Keywords: in vitro binding and metabolism; inflammatory bowel disease; inflammatory bowel syndrome; soluplus-based formulation of atorvastatin using supercritical fluid technology; whole body physiologically based pharmacokinetics.
https://pubmed.ncbi.nlm.nih.gov/35585214/ Mo'tasem M Alsmadi, Nour M Al-Daoud, Rana M Obaidat, Niazy A Abu-Farsakh AAPS PharmSciTech. 2022 May 18;23(5):148. doi: 10.1208/s12249-022-02302-z
Abstract
Inflammatory bowel disease (IBD) and irritable bowel syndrome (IBS) are common disorders that can change the body's physiology and drugs pharmacokinetics. Solid dispersion (SD) preparation using supercritical fluid technology (SFT) has many advantages. Our study aimed to explore the effect of IBS and IBD on atorvastatin (ATV) pharmacokinetics, enhance ATV oral bioavailability (BCS II drug) using SFT, and analyze drug-disease-formulation interaction using a whole-body physiologically based pharmacokinetic (wbPBPK) model in rat and human. A novel ATV formulation was prepared using SFT and characterized in vitro and in vivo in healthy, IBS, and IBD rats. The resulting ATV plasma levels were analyzed using a combination of conventional and wbPBPK approaches.

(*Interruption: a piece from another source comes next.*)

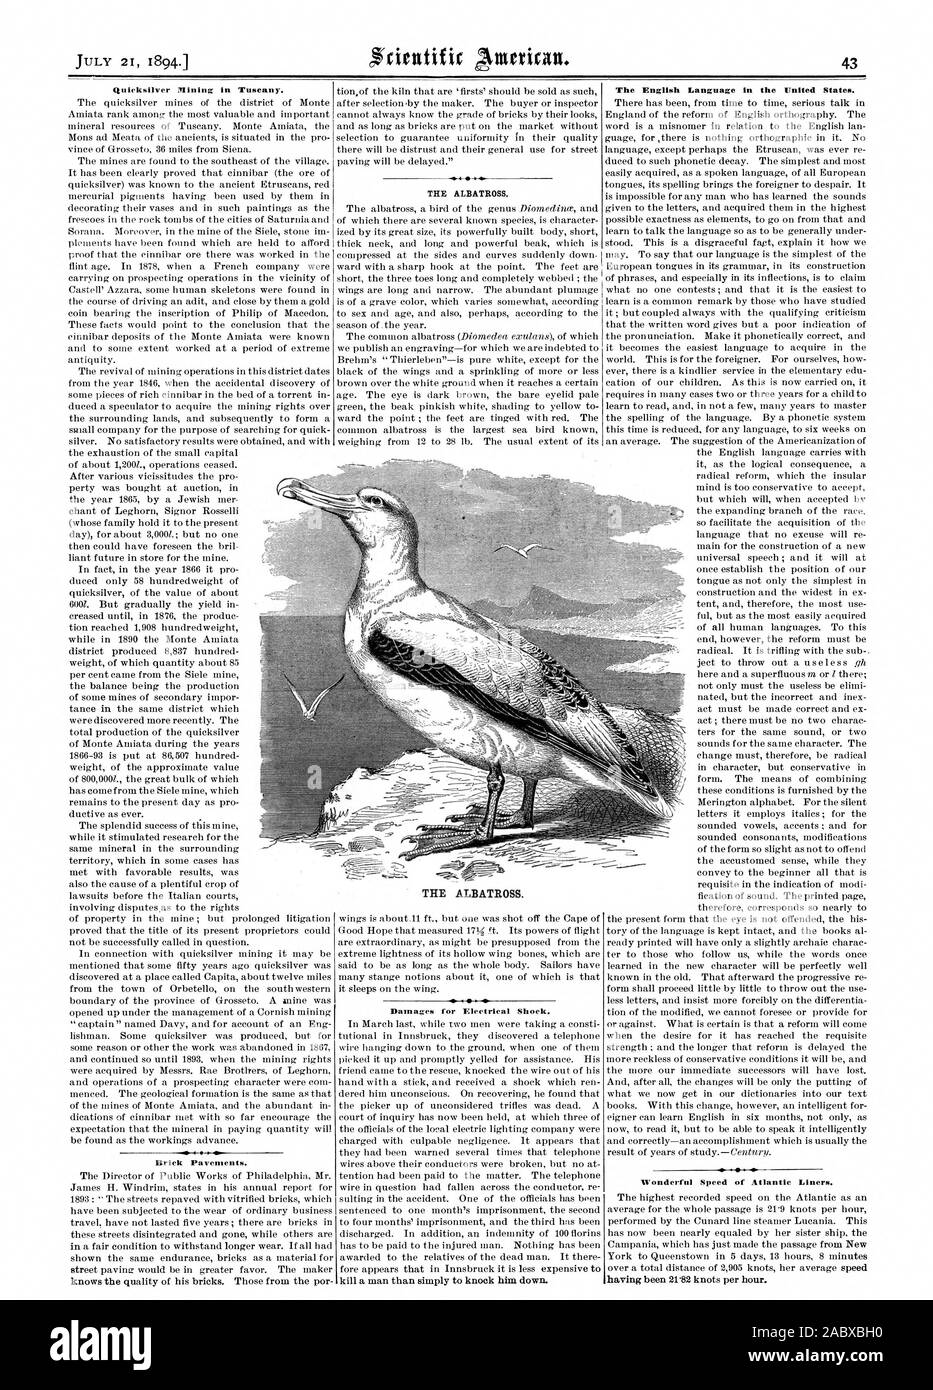 Quicksilver Mining in Tuscany. Brick Pavements. THE ALBATROSS. Damages for Electrical Shock. The English Language in the United States. Wonderful Speed of Atlantic Liners., scientific american, 1894-07-21 Stock Photo

The novel formulation increased ATV solubility by 20-fold and resulted in a zero-order release of up to 95%. Both IBS and IBD increased ATV exposure after oral and intravenous administration by more than 30%. The novel SFT formulation increased ATV bioavailability by 28, 14, and 18% in control, IBD, and IBD rat groups and resulted in more consistent exposure as compared to raw ATV solution. Higher improvements in ATV bioavailability of more than 2-fold upon receiving the novel SFT formulation were predicted by the human wbPBPK model as compared to receiving the conventional tablets. Finally, the established wbPBPK model could describe ATV ADME in the presence of IBS and IBD after oral administration of raw ATV and using the novel SFT formula and can help scale the optimized ATV dosing regimens in the presence of IBS and IBD from rats to humans.
Keywords: in vitro binding and metabolism; inflammatory bowel disease; inflammatory bowel syndrome; soluplus-based formulation of atorvastatin using supercritical fluid technology; whole body physiologically based pharmacokinetics.